MK: You know what I’m into? Plays of Gods and Men. Do people ever do productions of that? I always wanted to see one. Oh, on a tangent—a few months ago I reviewed Shadows of the New Sun, a collection of short stories in homage of Gene Wolfe, and I was thinking that what I would have tried to write was a the actual text of Doctor Talos’ metatextual Eschatology and Genesis from The Book of the New Sun. Except, that is sort of what Plays of Gods and Men is actually like? Or it is like, an H.P. Lovecraft story, except the first half of it is like a Robert E. Howard story? Actually, that is it, on the nose; the epic history of wonder and dark magic in a forgotten prehistoric kingdom sets the stage for the unknown horrors that a bunch of gobsmacked Europeans get themselves into by meddling with things humankind was not meant to know. And it is gorgeous; just look at how it starts:

Time: About the time of the decadence in Babylon.

Scene: The jungle city of Thek in the reign of King Karnos.

Tharmia: You know that my lineage is almost divine.

Arolind: My father’s sword was so terrible that he had to hide it with a cloak.

Tharmia: He probably did that because there were no jewels in the scabbard.

Arolind: There were emeralds in it that outstared the sea.

I don’t know, that just hits the spot, right there. That could almost be John Carter and Dejah Thoris, Beren and Lúthien, Conan and Bêlit. Then, however, it changes shape midway through, and ends up ending—the climax of the horror, but I don’t think it counts as spoilers—with this:

[Dead silence only broken by Sniggers’ sobs. Then stony steps are heard.]

[Enter a hideous Idol. It is blind and gropes its way. It gropes its way to the ruby and picks it up and screws it into a socket in the forehead.]

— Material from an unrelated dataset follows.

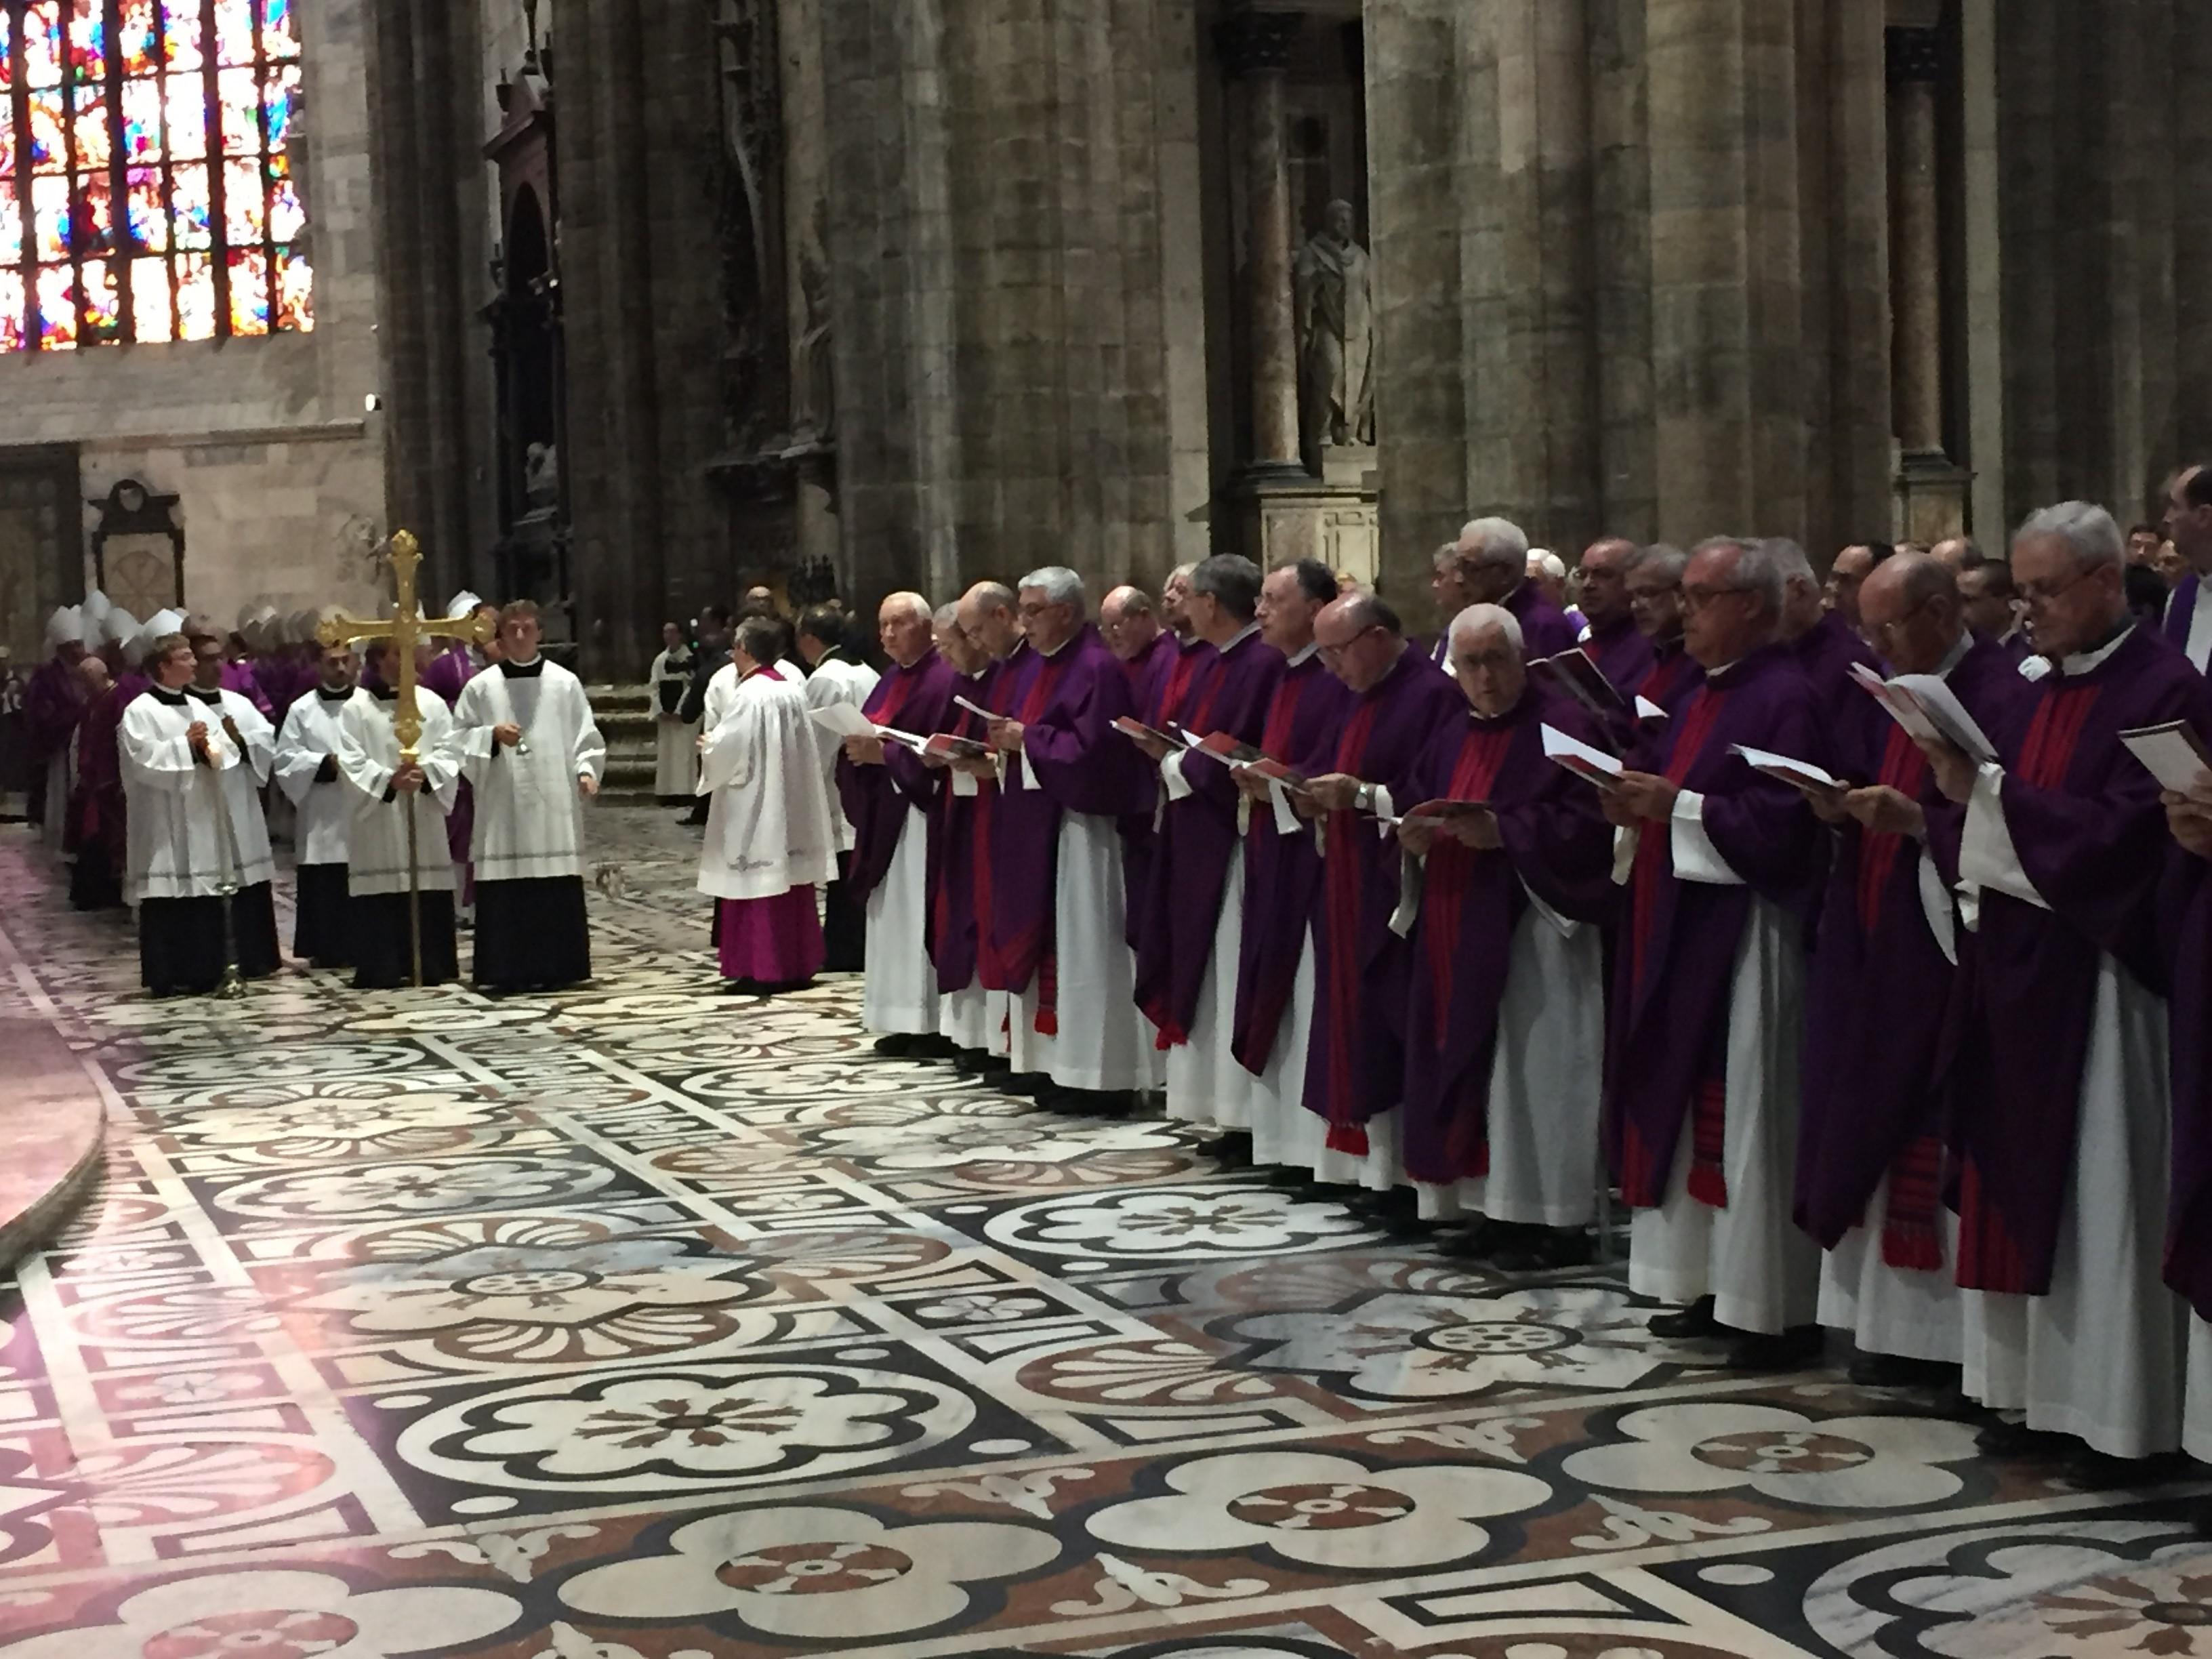 Vescovi e cardinali in preghiera all'inizio della cerimonia

[Sniggers still weeps softly; the rest stare in horror. The Idol steps out, not groping. Its steps move off then stops.]

So…that is pretty scary, even out of context, huh? and it is just the apotheosis of the spook story; the real scare is in the tail end after it, and in all the suspense leading up to it. Like an old serial, or Indiana Jones, if he hadn’t had sense to avert his gaze when they opened the Ark. And it’s a play! The whole thing works as a play; it isn’t just written in the style of a script, it could actually pretty easily be put on; the stage directions make sense, and have an economy of space in them that…well, look like they would work.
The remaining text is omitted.